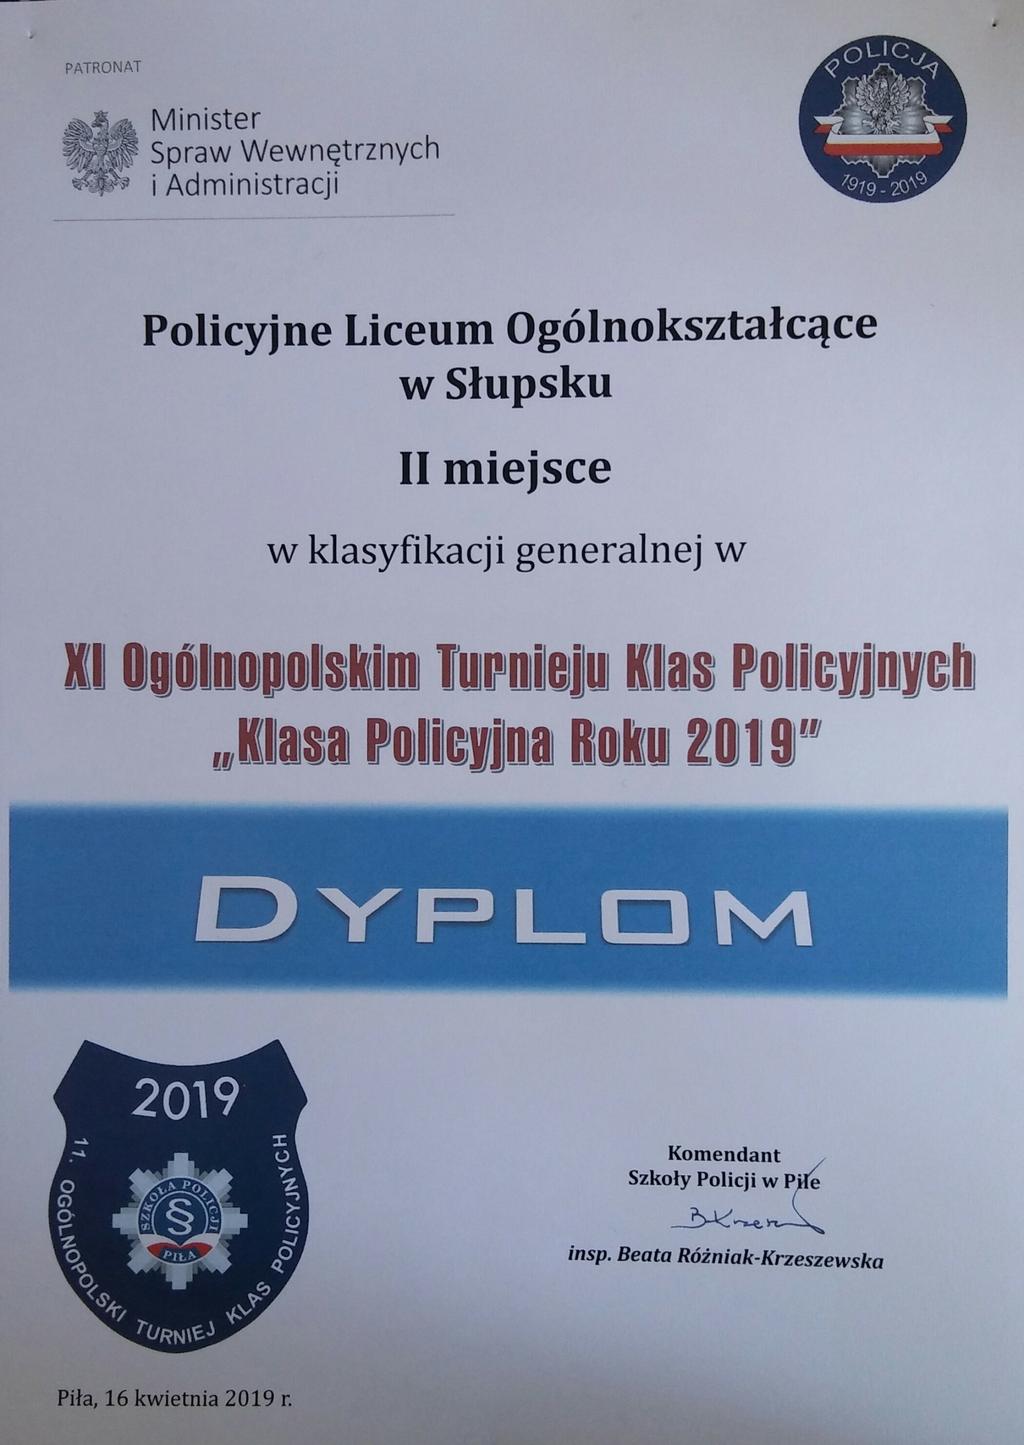 Dyplom Reprezentacja 2019 Skład reprezentacji to Daria Welzandt, Paweł Pszeniczny, Dawid Wiśniewski i Maciej Zierke.
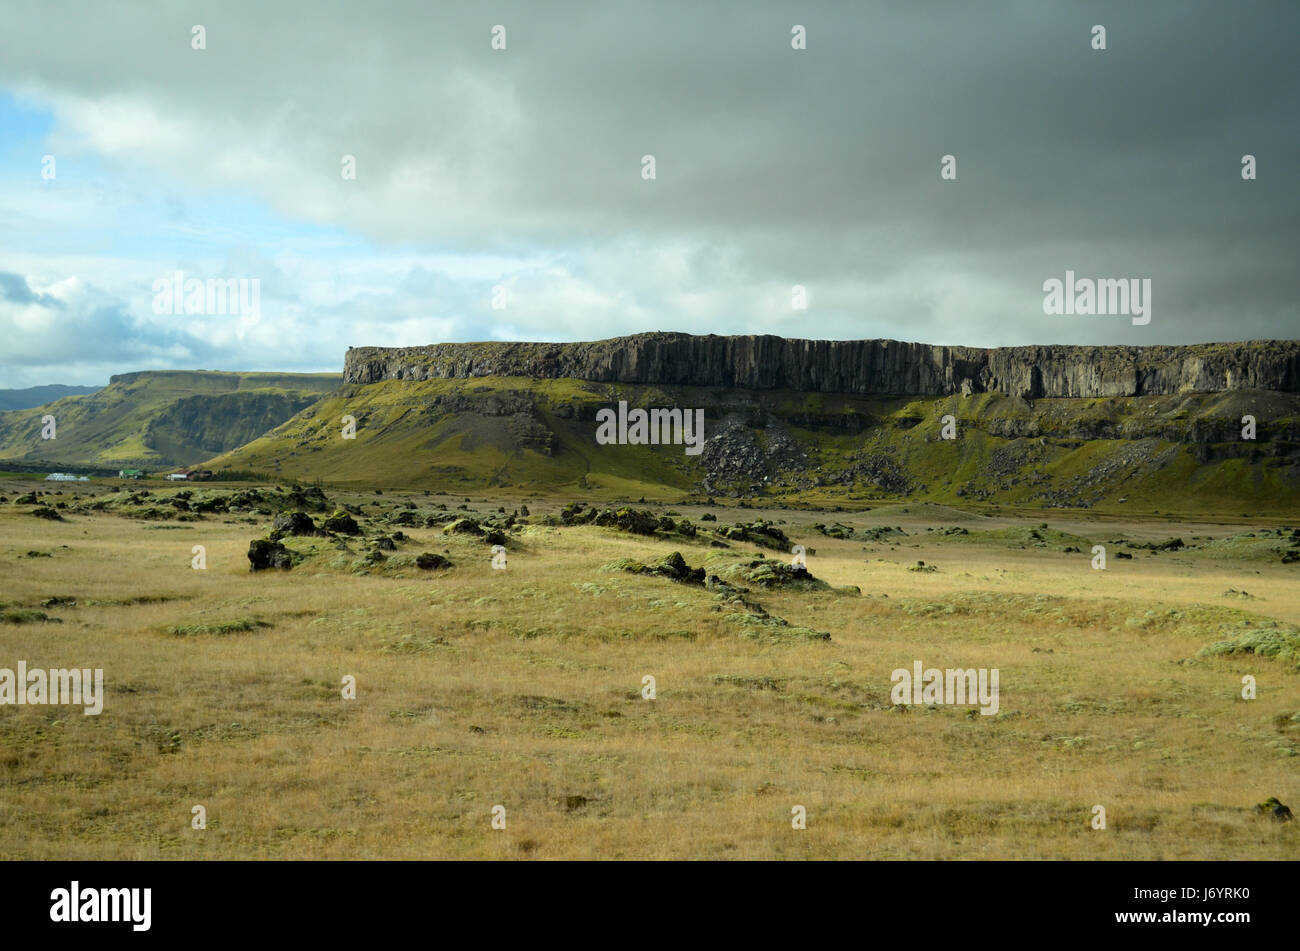 Mountain landscape, Iceland Stock Photo
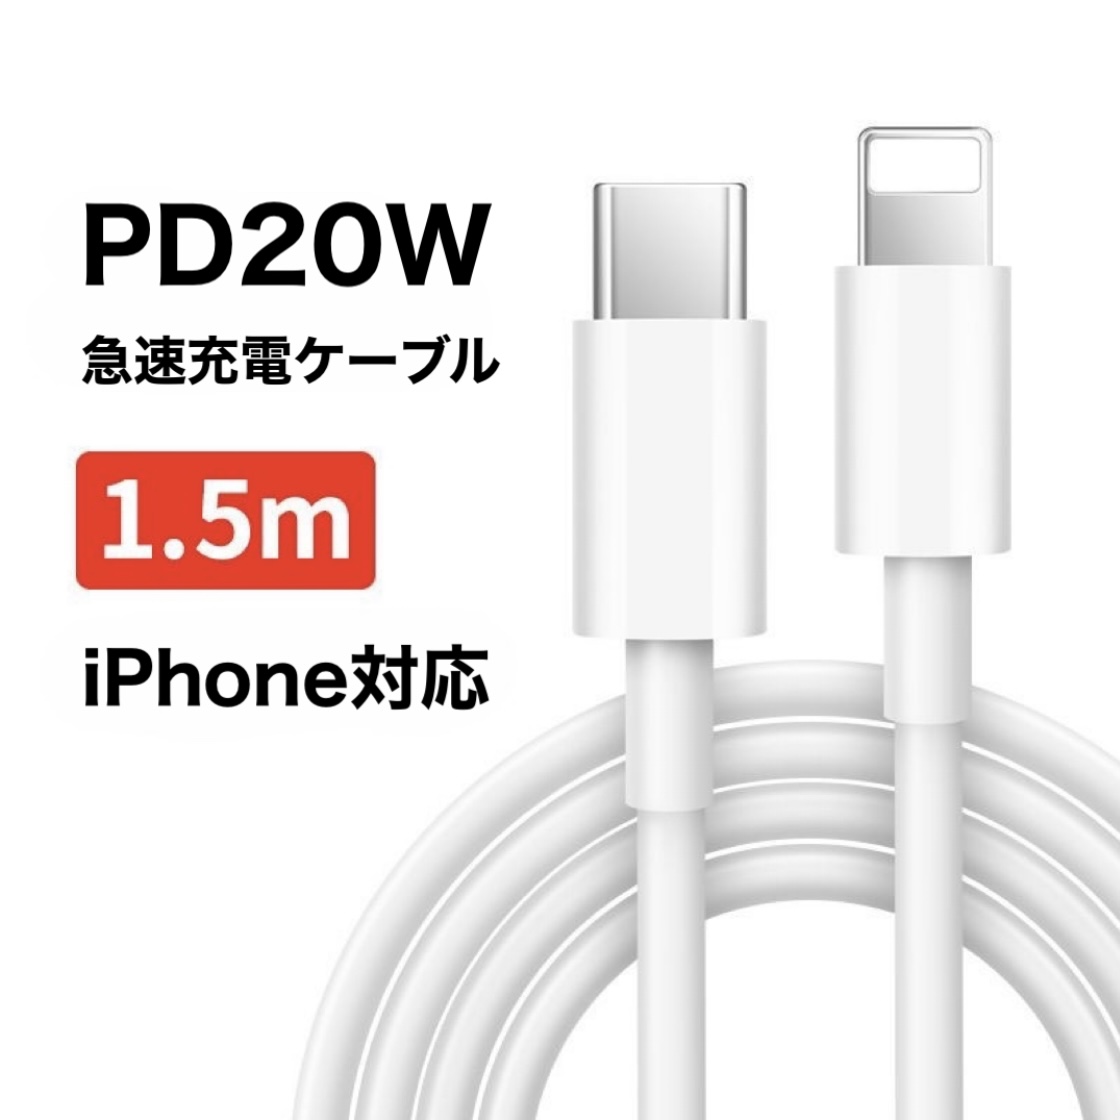 ライトニングケーブル iPhone 充電ケーブル タイプC 2m 1m 1.5m PD ケーブル 急速充電 20W iPhone iPad Type-C Lightning

*What this task involves:* Print the whole listing again exactly, please. No pictures.

*Solution:*
 Dyplom Reprezentacja 2019 Skład reprezentacji to Daria Welzandt, Paweł Pszeniczny, Dawid Wiśniewski i Maciej Zierke.
 Mountain landscape, Iceland Stock Photo
 ライトニングケーブル iPhone 充電ケーブル タイプC 2m 1m 1.5m PD ケーブル 急速充電 20W iPhone iPad Type-C Lightning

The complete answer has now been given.